No longa, filmado com força e talento, para que um lado reafirme sua identidade é preciso destruir o outro — com violência

Por Isabela Boscov Atualizado em 22 out 2021, 15h27 - Publicado em 30 ago 2019, 07h40

Seria interessante rever Bacurau (Brasil, 2019), em cartaz no país, em um futuro em que as suas referências diretas tivessem já se perdido: é provável que a força com que os diretores Kleber Mendonça Filho e Juliano Dornelles filmam permanecesse inteira — mas que sua visão redutiva ficasse um tanto mais exposta.

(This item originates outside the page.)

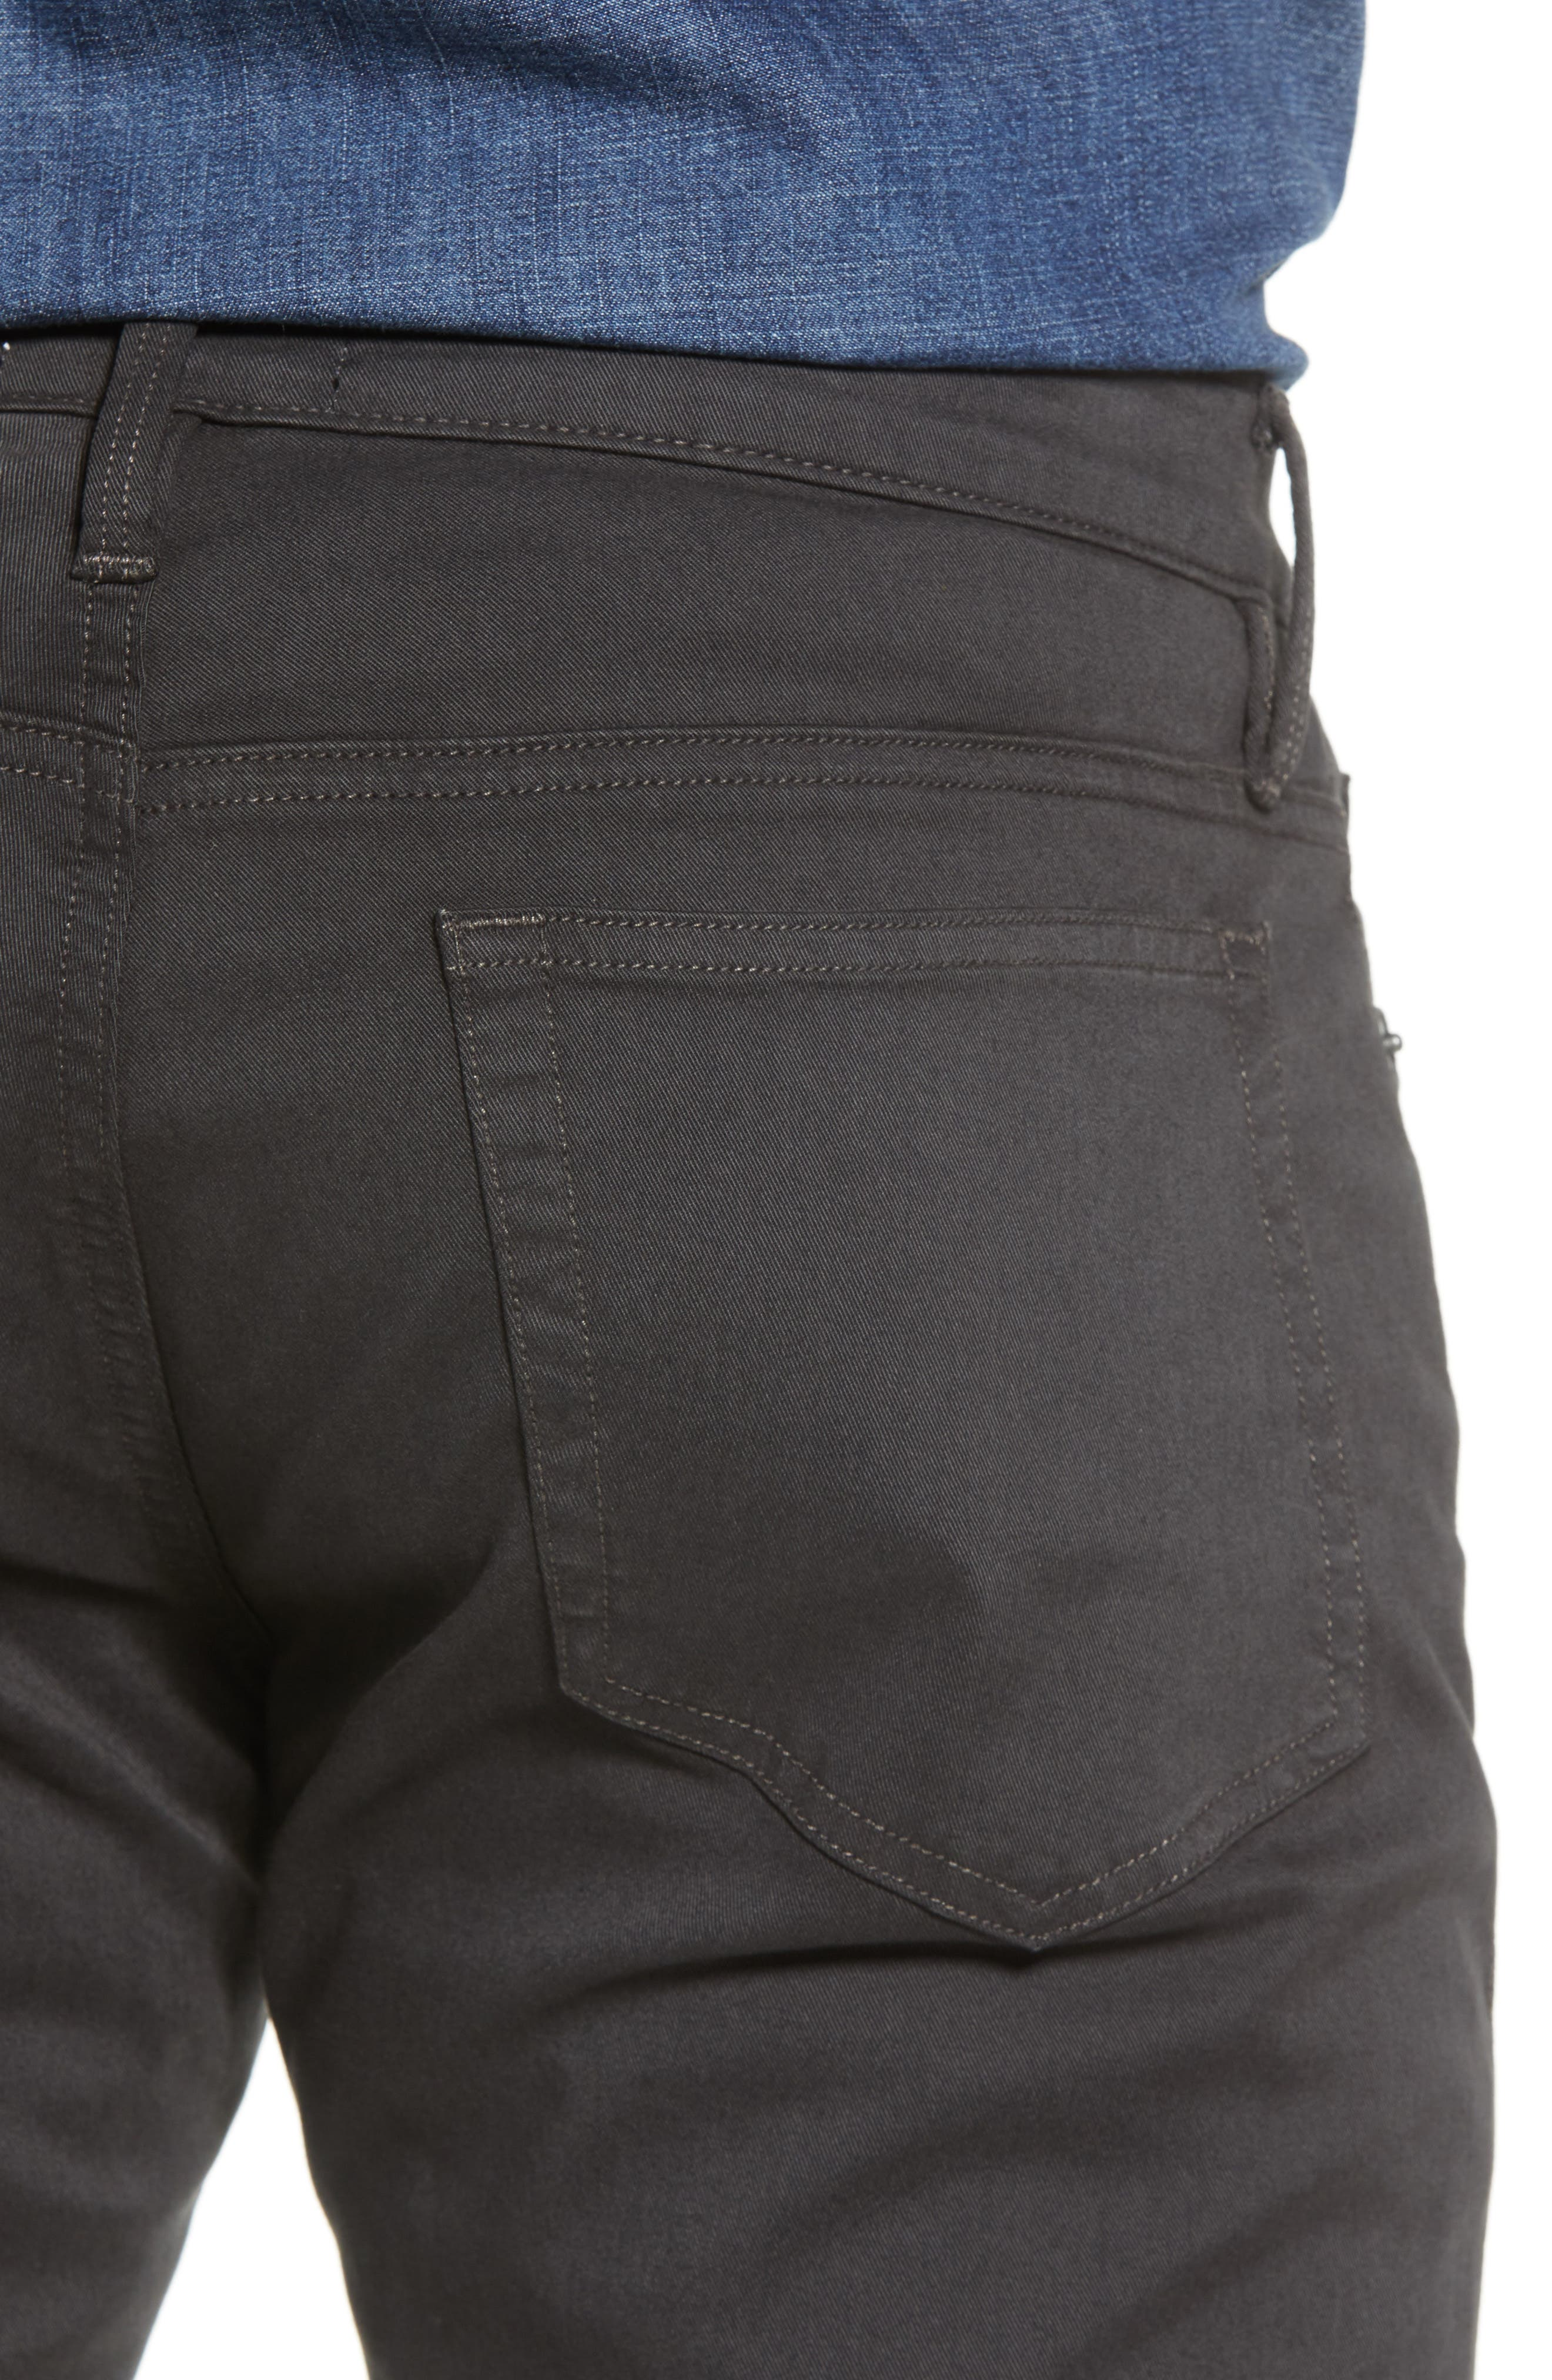 L'Homme Slim Fit Chino Pants,                             Alternate thumbnail 4, color,                             HEMATITE
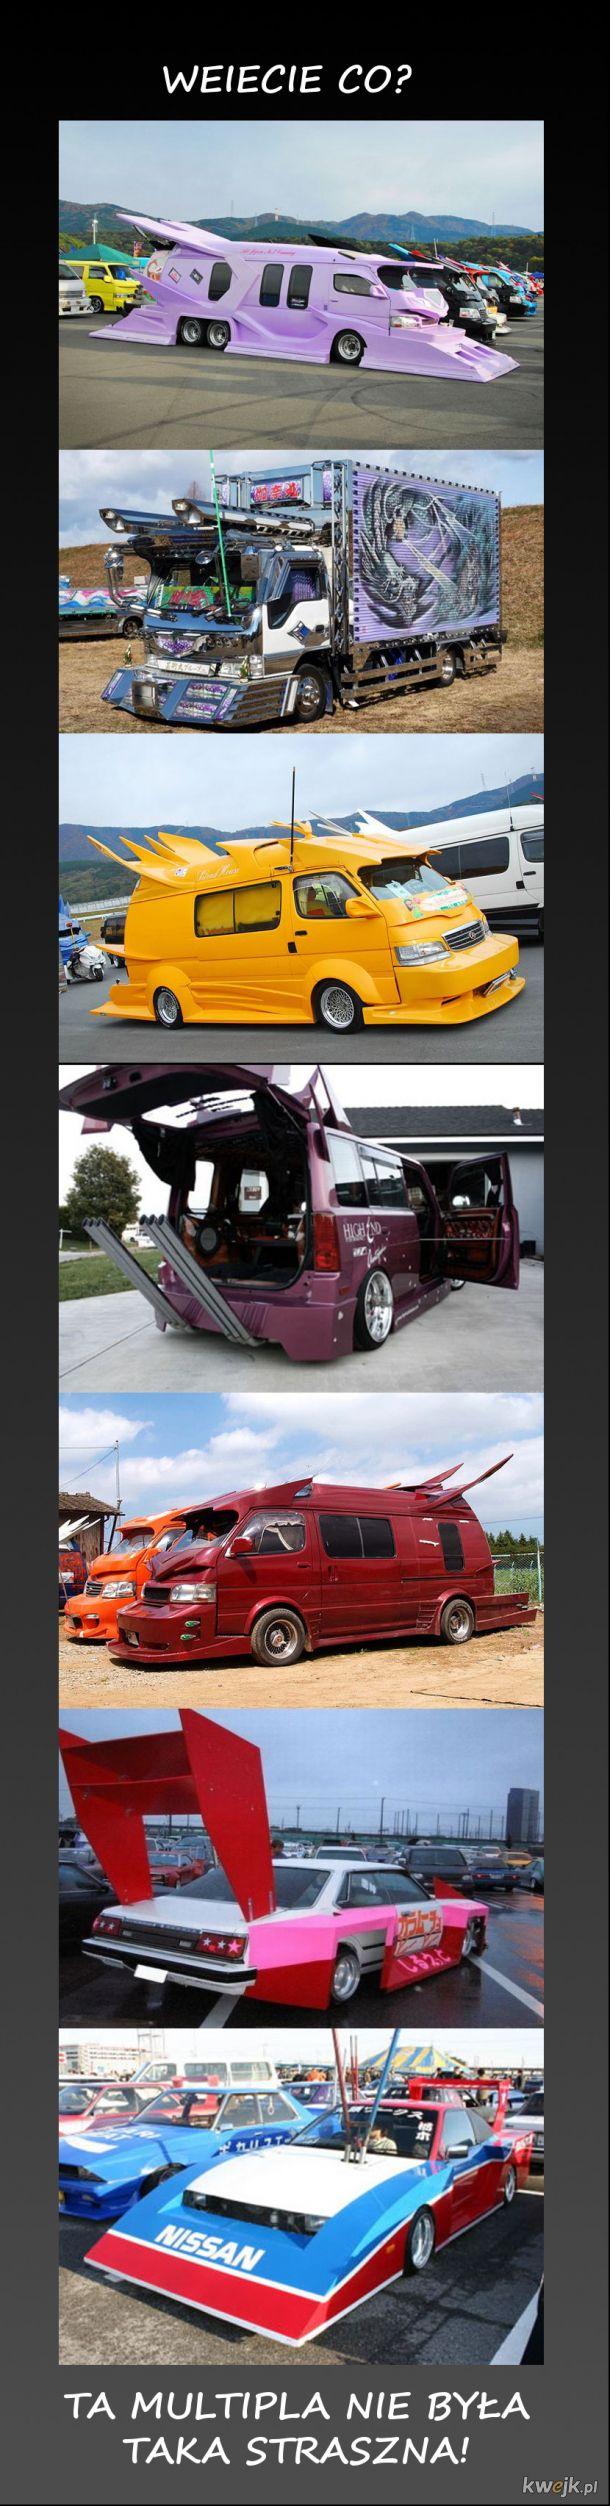 SUPER CAR DIZAJN EWRYBODY POMARAŃCZE

Vilarejo do sertão nordestino que uma guerra política tornou dependente de caminhões-pipa para beber água, Bacurau repentinamente se percebe sob outro tipo de ataque. Um grupo de estrangeiros o elegeu para um safári humano, em que cada cidadão abatido rende pontos. Preparam o terreno com cuidado (fecharam estradas, cortaram o sinal do celular e modificaram o mapa) e com ajuda local: o prefeito do município ao qual Bacurau pertence entrou no esquema, e a organização da caçada coube a um casal do Sudeste. A primeira irrupção de mortes, porém, alerta os moradores sobre o perigo. Sob a liderança inflamada de Lunga (Silvero Pereira), renegado que está sob perseguição e que o vilarejo vai buscar em seu esconderijo (não é difícil adivinhar qual figura real serve de inspiração a ele), armas vêm à luz e são distribuídas, e traça-se um plano que o filme propõe ser de resistência, mas que não seria impossível confundir com vingança pura e simples — e muito sangrenta.

Bacurau é um vilarejo pobre, mas não atrasado. Conta com uma médica competente (Sonia Braga, que protagonizou Aquarius para Mendonça) e numerosos celulares e tablets. Tem um museu que é motivo de orgulho e seu prefeito de fato é o professor; as prostitutas são queridas e as pessoas de gênero fluido, como o próprio Lunga, são respeitadas. Quando o candidato venal vai lá fazer campanha e doar alimentos vencidos, todos fecham as portas e deixam-no falando sozinho. Mas os brasileiros de mais abaixo os consideram inferiores (“O Sul é muito diferente — é rico, temos imigração italiana e alemã”, diz o rapaz do casal, que carrega um crachá de membro do Judiciário). E, para os estrangeiros, os moradores mal são seres humanos.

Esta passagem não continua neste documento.